Wikipedia Tests New Way to Keep AI Bots Away
The Wikimedia Foundation has partnered with Google-owned Kaggle to provide Wikipedia content in a “machine-readable format” to prevent AI bots from scraping the site. This move aims to address the issue of AI bots consuming a significant portion of Wikipedia’s bandwidth.
AI bots are causing more problems than the average human user, as they tend to scrape even the most obscure corners of Wikipedia. The foundation reported that bandwidth for downloading multimedia grew by 50% since January 2024, primarily due to automated programs downloading openly licensed images to feed AI models.

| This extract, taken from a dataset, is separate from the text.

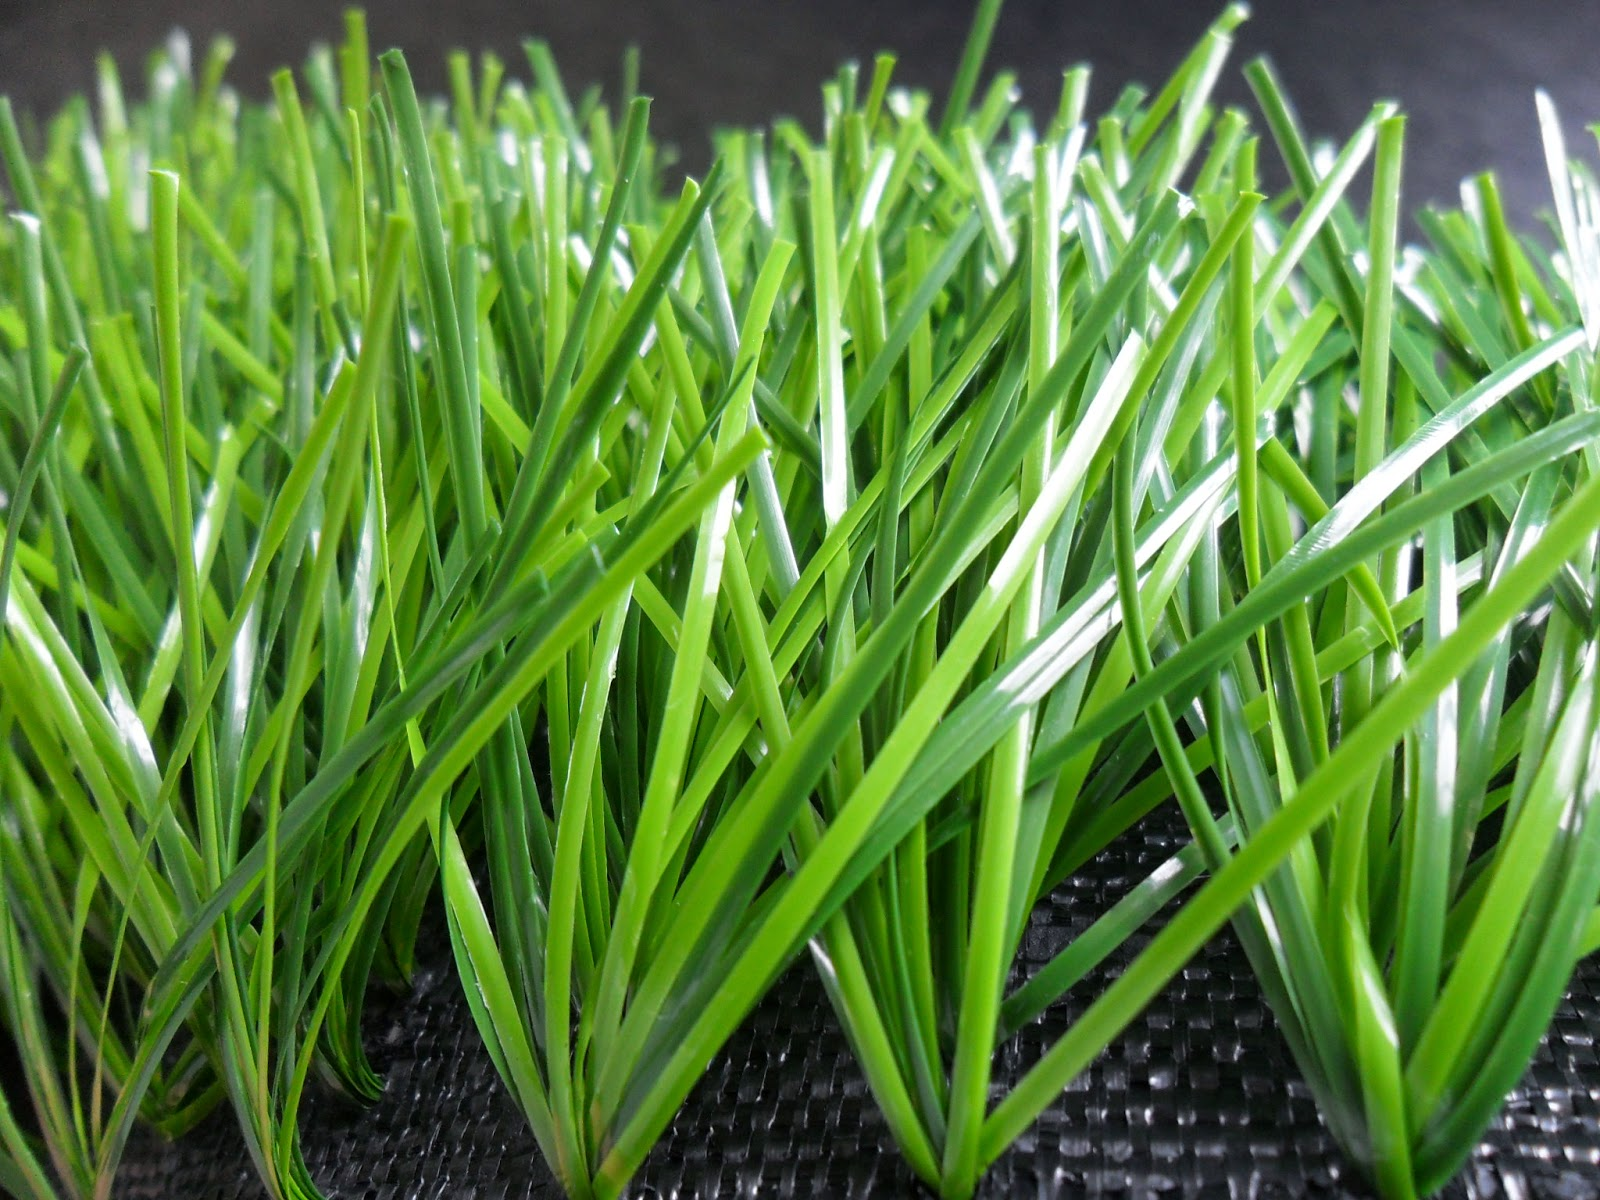 Một số hình ảnh sản phẩm cỏ nhân tạo DVN 16D 2

To tackle this issue, the Foundation and Kaggle have made Wikipedia content available in English and French in a developer-friendly format. “Instead of scraping or parsing raw article text, Kaggle users can work directly with well-structured JSON representations of Wikipedia content,” the foundation explained. This format is ideal for training models, building features, and testing NLP pipelines.
Kaggle describes the offering, currently in beta, as “immediately usable for modeling, benchmarking, alignment, fine-tuning, and exploratory analysis.” AI developers using the dataset will get access to “high-utility elements” such as article abstracts, short descriptions, infobox-style key-value data, image links, and clearly segmented article sections.
All the content is derived from Wikipedia and is freely licensed under two open-source licenses: the Creative Commons Attribution-ShareAlike 4.0 and the GNU Free Documentation License (GFDL). Some content may be licensed under alternative terms or be in the public domain.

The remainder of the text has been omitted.